Allis, the chief subject, architect and narrator of "Must Read After My Death", directed by Morgan Dews.  The documentary of the anguish of a woman trapped in a hellish marriage and family life opened today in New York City and online at Gigantic Digital (  (Photo: Allis & Charley)


Bruce & Anne & Doug & Chuck & Charley & Allis In Hell, Unplugged
By Omar P.L. Moore/February 20, 2009                     SHARE

Morgan Dews' documentary "Must Read After My Death" is as plainly beautiful and unsparing in its intimacy as it is painfully tragic and compelling.  All of the undiluted behaviors of human beings are paraded with such a dignified nakedness.  Dirty laundry is aired out to dry and the stench of much of it is suffocating.  The documentary is a compilation of hundreds of hours of home videos and hundreds of letters by Allis (last name not revealed) about her marriage to Charley, an adulterer who for many months at a time is in Australia doing business and dancing the months away with a variety of women whom he forges intimacies with.  It just so happens that Allis, who lives in a big house in Connecticut also has her and Charley's four children (Bruce, Anne, Doug and Chuck) to take care of.  " . . . I'm not a person to sit around and sew and decorate and paint and do things like that.  I am not a housewife.  I have never been a housewife", words from Allis that begin the documentary, which follows her vivid recordings from 1961 right through to the 1990's.

We learn much more than we hope to about the trials and turmoil of what is clearly a wretched family life for all involved, especially Allis.  Sometimes shrill, other times sobering but most times rarely tender or saccharine-feeling as its distant feature film cousin "Revolutionary Road", "Must Read" is always electric viewing if not an enjoyable experience.  Mr.

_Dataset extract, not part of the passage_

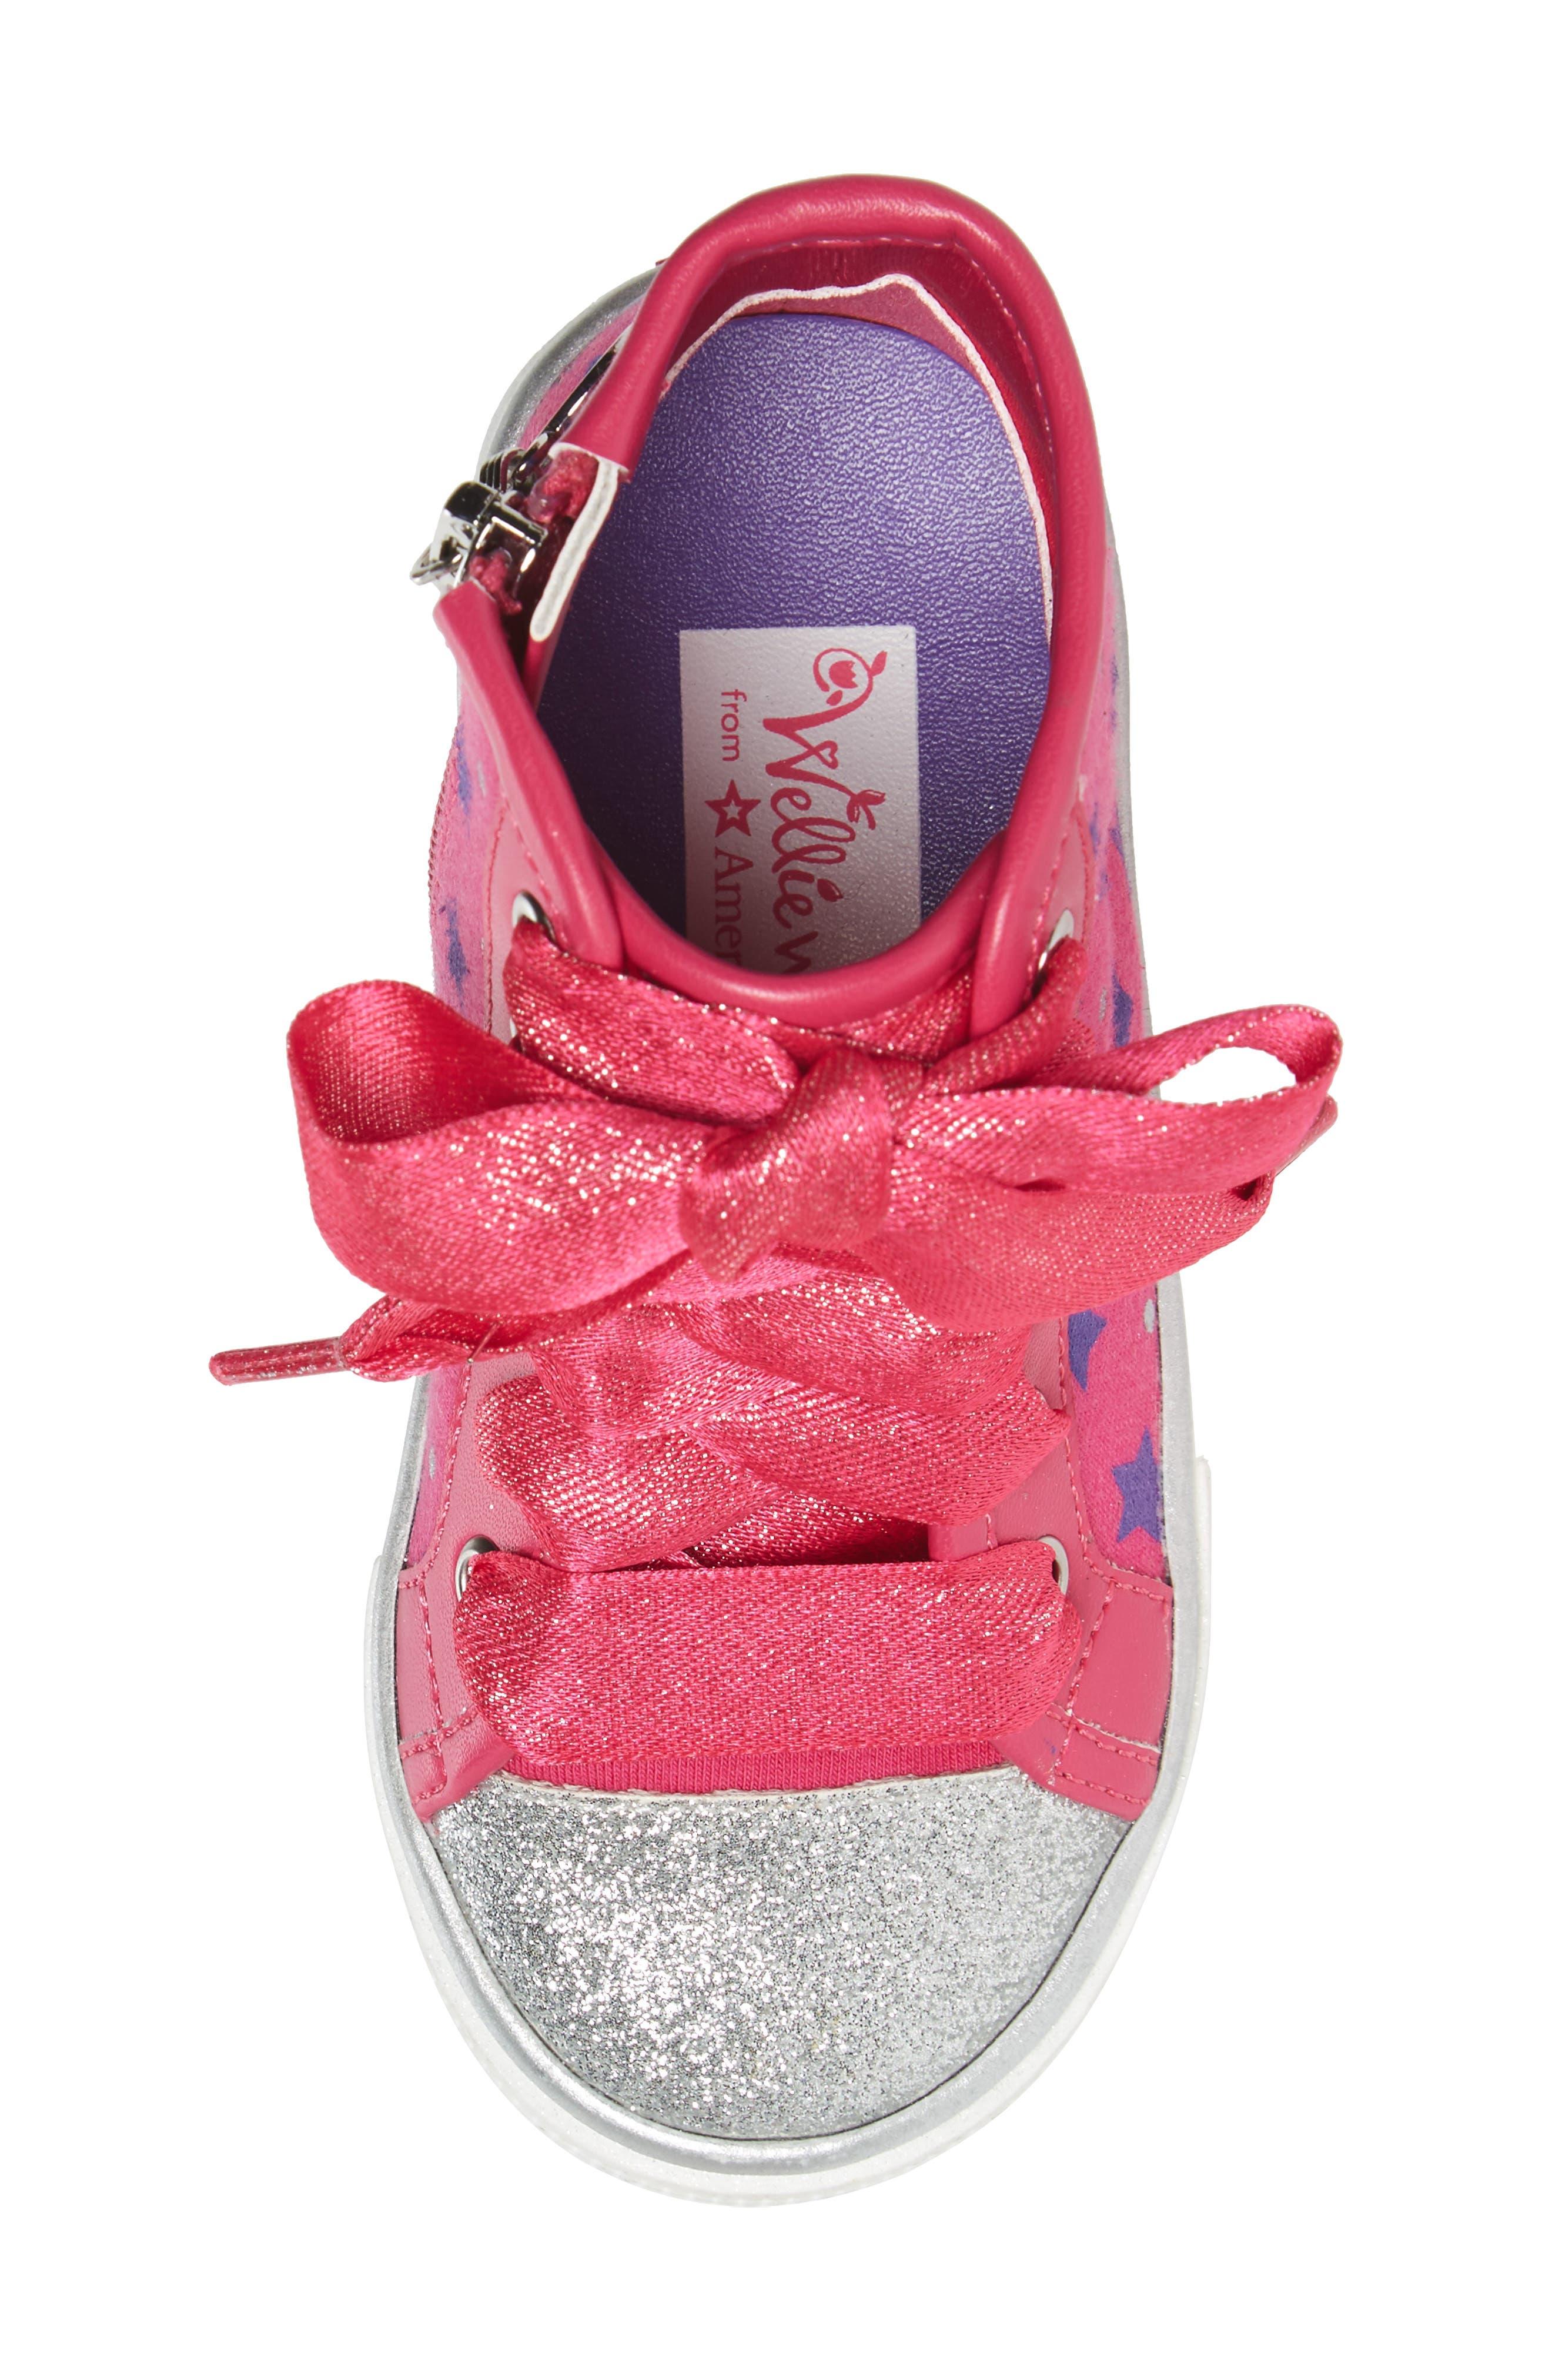 Emerson High Top Sneaker,                             Alternate thumbnail 5, color,                             Pink/ Purple

Dews pares down the hundreds of hours of recordings into a slender 76 minutes.  Many of the recordings hadn't been officially or fully disclosed to Allis's family members until just after Allis's death in 2001.  The tapes detail an eldest child who runs away, a developmentally-disabled son, an angry and vengeful older son, and a mother who just wants to fly the coup for ten minutes of freedom.  As we watch we feel that we ought not be witnesses -- perhaps the voyeuristic intrusion on the family's personal affairs is a little too much for most, but we are forced to be introspective about the nature and fragility of our own family household structure.  "Must Read", which opened today in New York City at the Quad Cinema and nationwide in the U.S. via Gigantic Digital, online at (, opens next Friday in Los Angeles at the Laemmle Sunset 5.

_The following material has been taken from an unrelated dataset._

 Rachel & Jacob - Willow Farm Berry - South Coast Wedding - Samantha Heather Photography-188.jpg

Mr. Dews' documentary features excellent cinematography from Allis and Charley, who shot virtually all of the video footage.  "Must Read" isn't a referendum on this family as much as it is an exploration of whether a man can ever be a truly effective parent and husband to his wife in western society.  Is it the inherent sexism in the male-dominated society that favors the man?  Is that even the right or relevant question here?  And when a woman doesn't fit the "traditional" western paternalistic and psychological profession's paradigm and ideas of the role as a wife and mother does that make her unfit to be a parent in the objective eyes of the world?  In our eyes?  In Western society's?  These and other fascinating questions are presented.

"Must Read", more intimate than a dirty weekend, examines the unraveling and disintegration of an American family, any family -- whether rich or poor, urban or suburban -- it hardly matters, though in this case it is a middle-class suburban family.  We have heard a portion of the Alec Baldwin phone message to his daughter whom he fathers with his now-divorced former spouse Kim Basinger.  We read news stories about sad family disruptions (most recently the aching horror and tragedy of a Los Angeles man who killed all of his family members including his wife and four children, and then himself), but we have never been as devastated and captivated by such an arresting spectacle of melancholy as we are here.

"Must Read After My Death" is not rated by the Motion Picture Association of America, but some will find the dialogue coarse and grating.  You may need to take two showers and call a shrink in the morning, but the viewing of this film is well worth the two showers.  Running time: one hour and 16 minutes.  In English, with English subtitles throughout for audio that most English-speaking audiences won't have trouble hearing.